Question

What's the difference between linear and exponential functions? @poojah can you help?

Answer 1

Hello!

Answer 2

Hi @Decarr432

Answer 3

Exponential means a function whose value is a constant raised to the power of the argument

Answer 4

Linear functions are those whose graph is a straight line

Answer 5

so this function \(x^x \) is not exponential

Answer 6

So what is x^x? is it linear?

Answer 7

no it is not linear

Answer 8

Exponential function is in the form of:
\(\color{#000000}{\displaystyle y=a(b)^x}\)

And the linear function is in the form of:
\(\color{#000000}{\displaystyle y=mx+b}\) (m could be 0, too)

Ok, but still, what is the difference?
Let me give you a hint for this.s s

The table for: \(\color{#000000}{\displaystyle y=a(b)^x}\)

\(\color{#000000}{\displaystyle x}\) \(\color{#000000}{\displaystyle y}\)

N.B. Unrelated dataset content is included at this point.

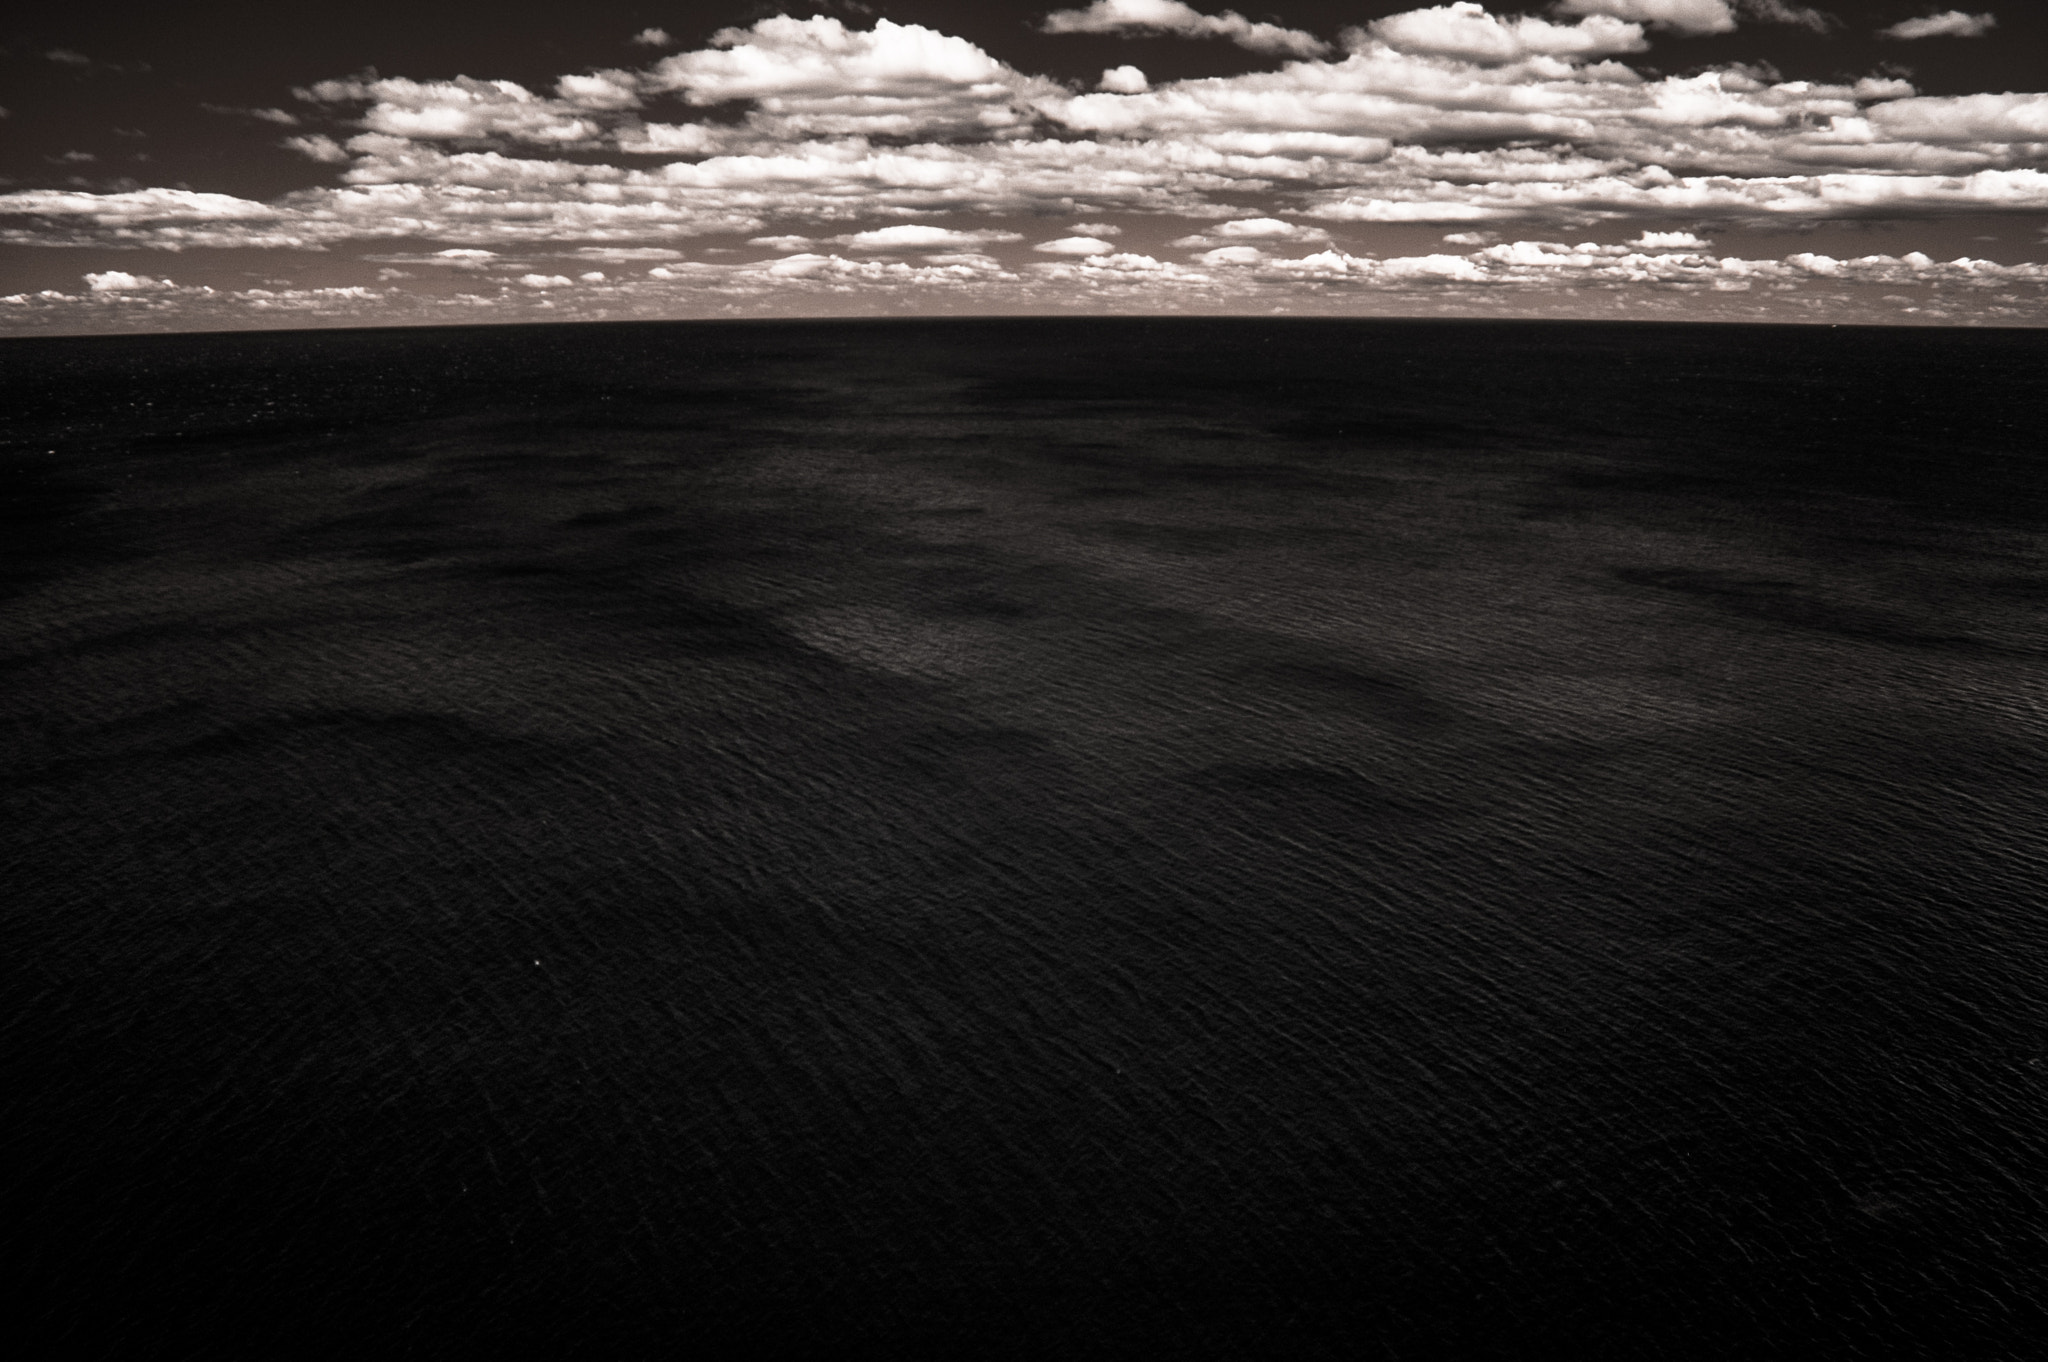 Nikon D70 sample photo. Infrared ocean photography

\(\color{#000000}{\displaystyle 1}\) \(\color{#000000}{\displaystyle a\cdot b }\)
\(\color{#000000}{\displaystyle 2}\) \(\color{#000000}{\displaystyle a\cdot b^2 }\)
\(\color{#000000}{\displaystyle 3}\) \(\color{#000000}{\displaystyle a\cdot b^3 }\)
\(\color{#000000}{\displaystyle 4}\) \(\color{#000000}{\displaystyle a\cdot b^4 }\)
(So wouldn't I multiply times b every time x goes up by 1?)



The table for: \(\color{#000000}{\displaystyle y=mx+b}\)

\(\color{#000000}{\displaystyle x}\) \(\color{#000000}{\displaystyle y}\)

\(\color{#000000}{\displaystyle 1}\) \(\color{#000000}{\displaystyle m+b }\)
\(\color{#000000}{\displaystyle 2}\) \(\color{#000000}{\displaystyle 2m+b }\)
\(\color{#000000}{\displaystyle 3}\) \(\color{#000000}{\displaystyle 3m+b }\)
\(\color{#000000}{\displaystyle 4}\) \(\color{#000000}{\displaystyle 4m+b }\)

(So wouldn't I add an "m" every time x goes up by 1?)